Any ideas and tips would be very much appreciated. I'm having trouble getting started on this particular method.

public class Parser implements Comparator<String> {

    public Map<String, Integer> wordCount;

    void parse(String filename) throws IOException {
        File file = new File(filename);
        Scanner scanner = new Scanner(file);

        //mapping of string -> integer (word -> frequency)
        Map<String, Integer> wordCount = new HashMap<String, Integer>();

        //iterates through each word in the text file
        while(scanner.hasNext()) {
            String word = scanner.next();
            if (scanner.next()==null) {
                wordCount.put(word, 1);
            }
            else {
                wordCount.put(word, wordCount.get(word) + 1);;
                }
            }
            scanner.next().replaceAll("[^A-Za-z0-9]"," ");
            scanner.next().toLowerCase();
        }

    public int getCount(String word) {
        return wordCount.get(word);
    }

    public int compare(String w1, String w2) {
        return getCount(w1) - getCount(w2);
    } 

        //this method should return a list of words in order of frequency from least to   greatest
    public List<String> getWordsInOrderOfFrequency() {
        List<Integer> wordsByCount = new ArrayList<Integer>(wordCount.values());
        //this part is unfinished.. the part i'm having trouble sorting the word frequencies
        List<String> result = new ArrayList<String>();


    }
}
Robotnik
  • 3,643
  • 3
  • 31
  • 49
user1333781
  • 107
  • 2
  • 4
  • 10
  • 4
    Sure, create a class that holds a String (for the word), and an int (for the count), and make it implement `Comparable` and then in the compareTo(...) method, compare based on the int values. – Hovercraft Full Of Eels Apr 15 '12 at 01:12
  • Thanks for the advice. I actually mapped the list of words from a string to an integer to keep the count of each frequency. I'm not sure how to sort the words by frequency using the map property and collections.sort method – user1333781 Apr 15 '12 at 01:18
  • Write some code and post it. We'll go over it. – Tony Ennis Apr 15 '12 at 02:18
  • hey, i added my code. I'm not looking for code to copy, but suggestions to improve and finish the frequency method. Thanks! – user1333781 Apr 15 '12 at 02:49
  • Use `Collections.sort(justTheWords, this)` – Torious Apr 15 '12 at 03:16
  • Where you have your comment `//this part is unfinished`, just do: `List justWords = new ArrayList(wordCount.keySet()); List result = Collections.sort(justWords, this);`... – Torious Apr 15 '12 at 14:00
  • ^^Torious, that didn't seem to work when I tried it. Thanks for the help though – user1333781 Apr 15 '12 at 22:46
  • 1
    The idea was that `sort` will call `this.compare()` during sorting, to compare 2 `String`s, which are then compared by first looking up the count in `this` (the `Parser` instance). That's assuming `parse` was called first. I figured that was the intent of the original code, looking at the `compare` method. Did I miss something? – Torious Apr 15 '12 at 23:22
  • @Torious: Oh, I'm sorry. Now I understand how it works (and deleted my comments). I didn't realize how the Comparator would work on the Map, while being declared on , not . Now it is so obvious! :) – user unknown Apr 16 '12 at 03:46

4 Answers4

7

First of all your usage of scanner.next() seems incorrect. next() will return the next word and move onto next one every time you call it, therefore the following code:

if(scanner.next() == null){ ... }

and also

scanner.next().replaceAll("[^A-Za-z0-9]"," ");
scanner.next().toLowerCase();

will consume and then just throw away words. What you probably want to do is:

String word = scanner.next().replaceAll("[^A-Za-z0-9]"," ").toLowerCase();

at the beginning of your while loop, so that the changes to your word are saved in the word variable, and not just thrown away.

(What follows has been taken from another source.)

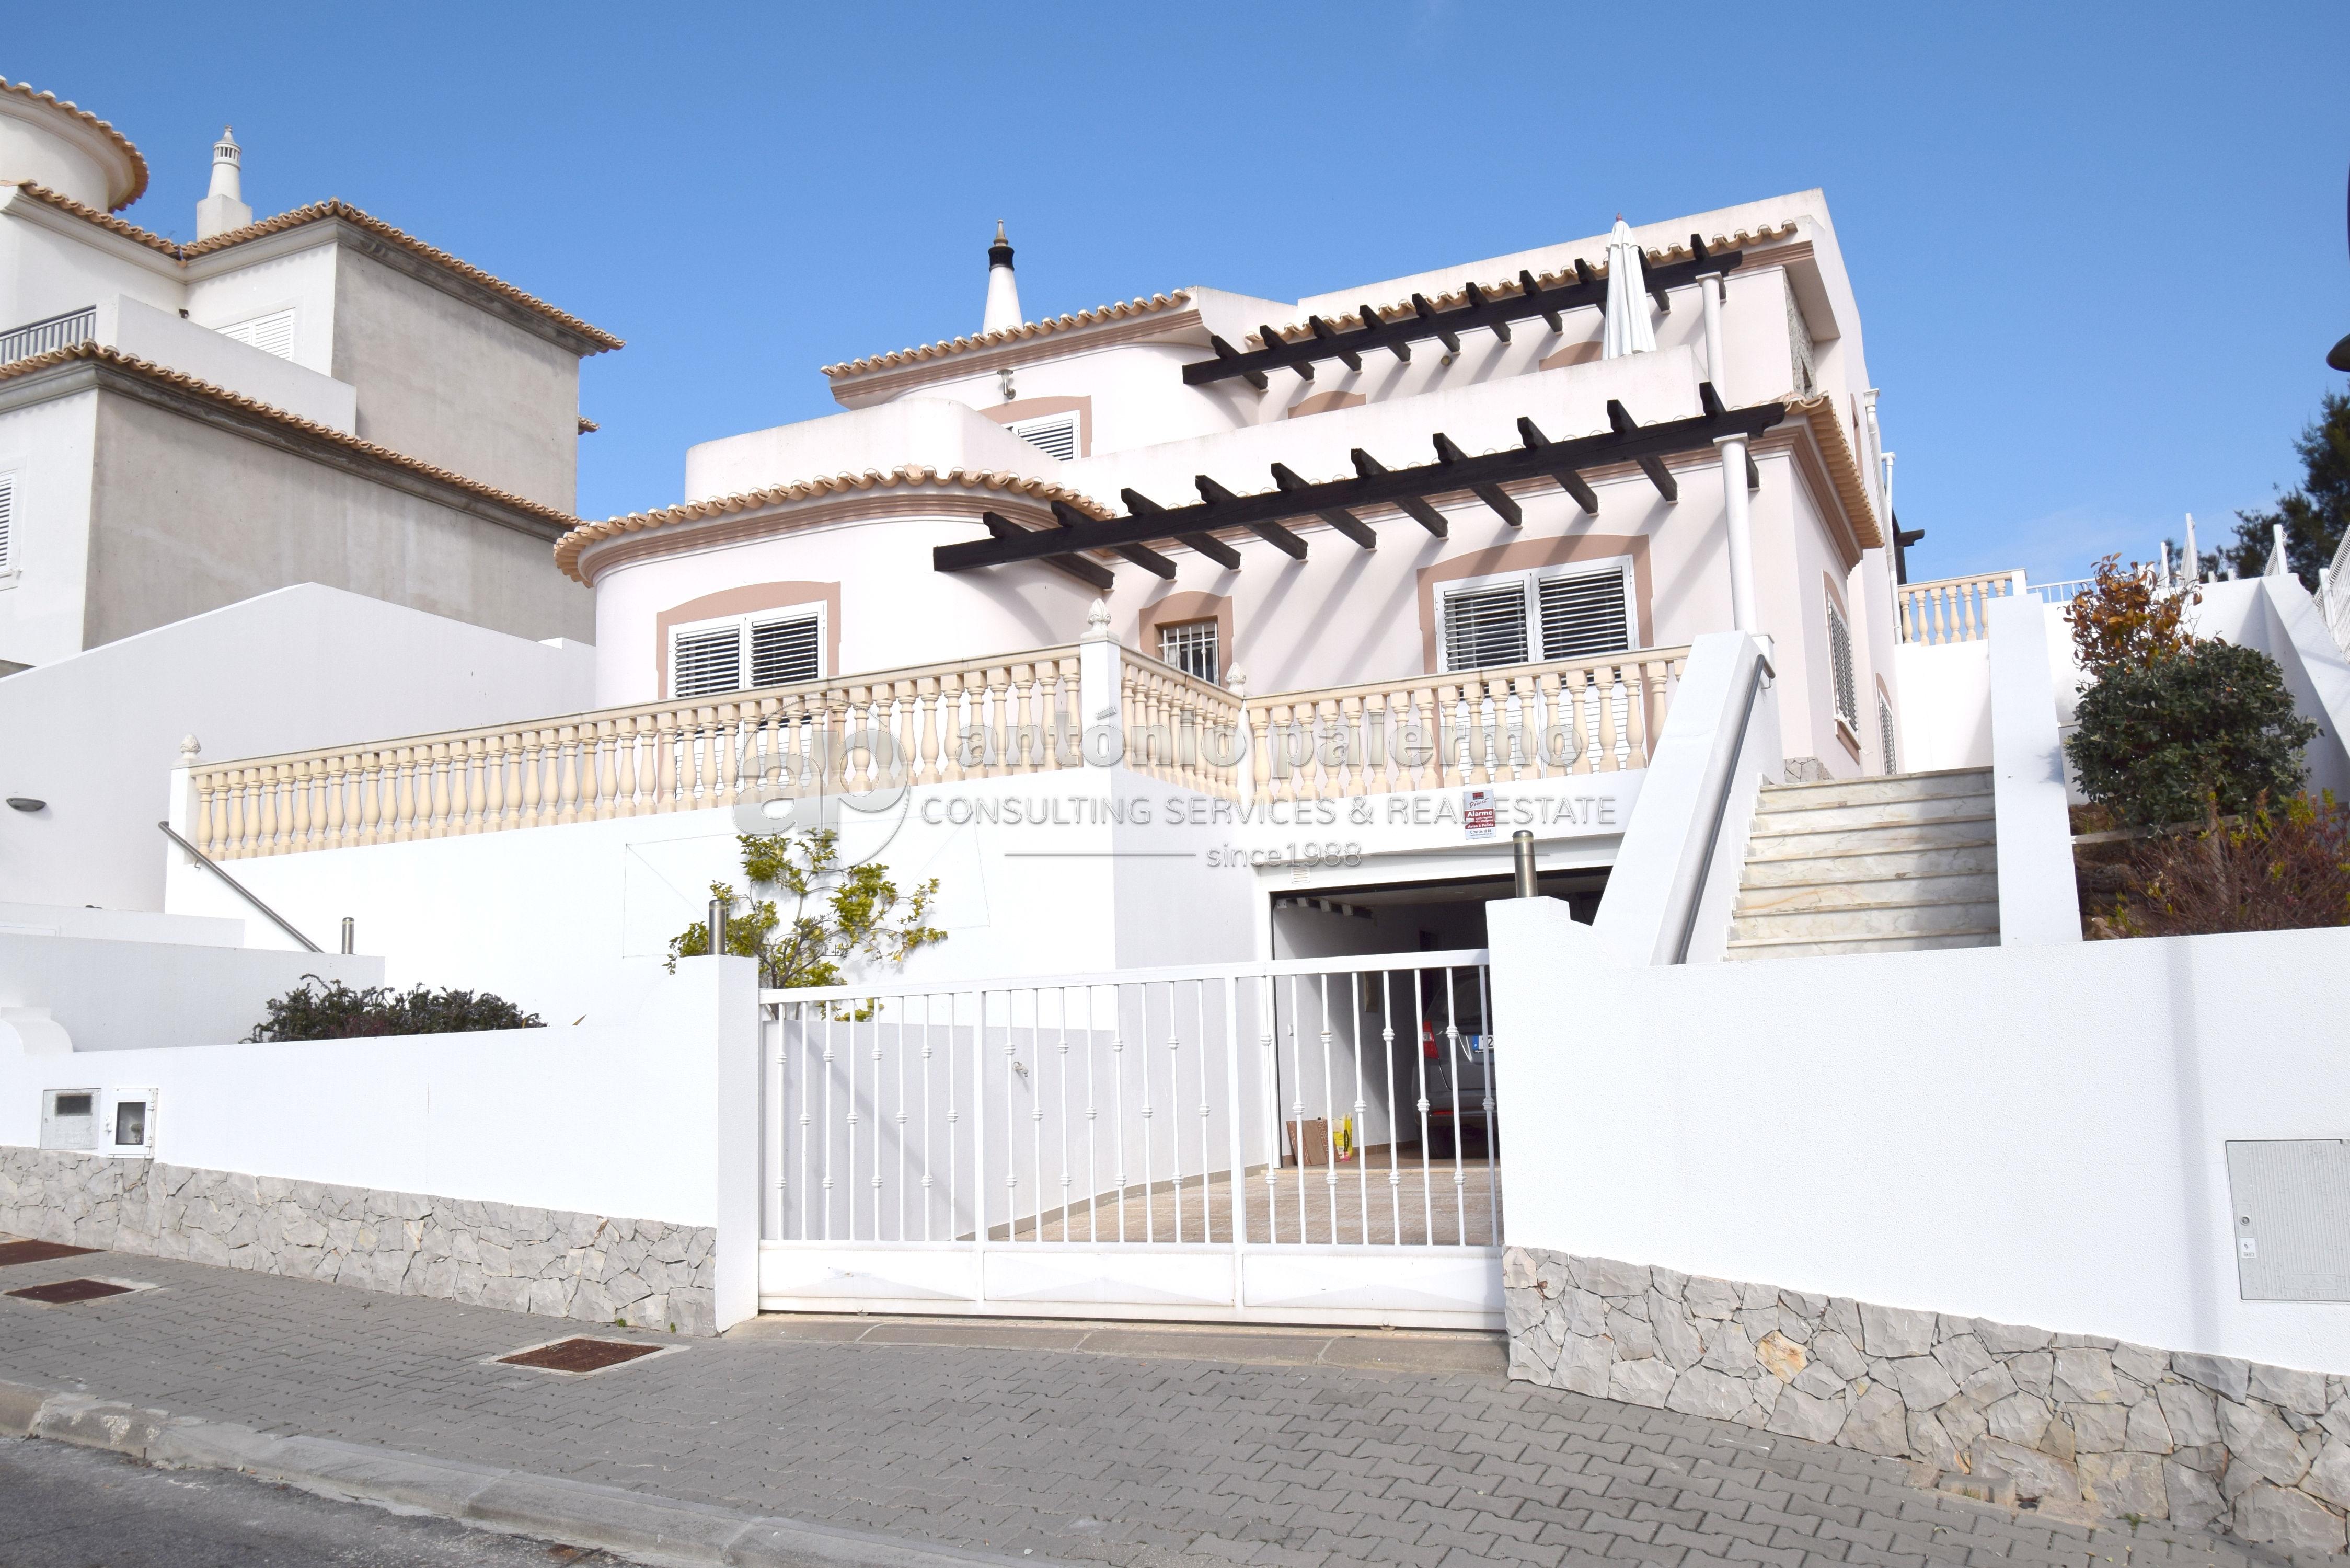 Maison individuelle à vendre, avec 4 chambres, garage et piscine.

Secondly, the usage of the wordCount map is slightly broken. What you want to do is to check if the word is already in the map to decide what word count to set. To do this, instead of checking for scanner.next() == null you should look in the map, for example:

if(!wordCount.containsKey(word)){
  //no count registered for the word yet
  wordCount.put(word, 1);
}else{
  wordCount.put(word, wordCount.get(word) + 1);
}

alternatively you can do this:

Integer count = wordCount.get(word);
if(count == null){
  //no count registered for the word yet
  wordCount.put(word, 1);
}else{
  wordCount.put(word, count+1);
}

I would prefer this approach, because it's a bit cleaner, and does only one map look-up per word, whereas the first approach sometimes does two look-ups.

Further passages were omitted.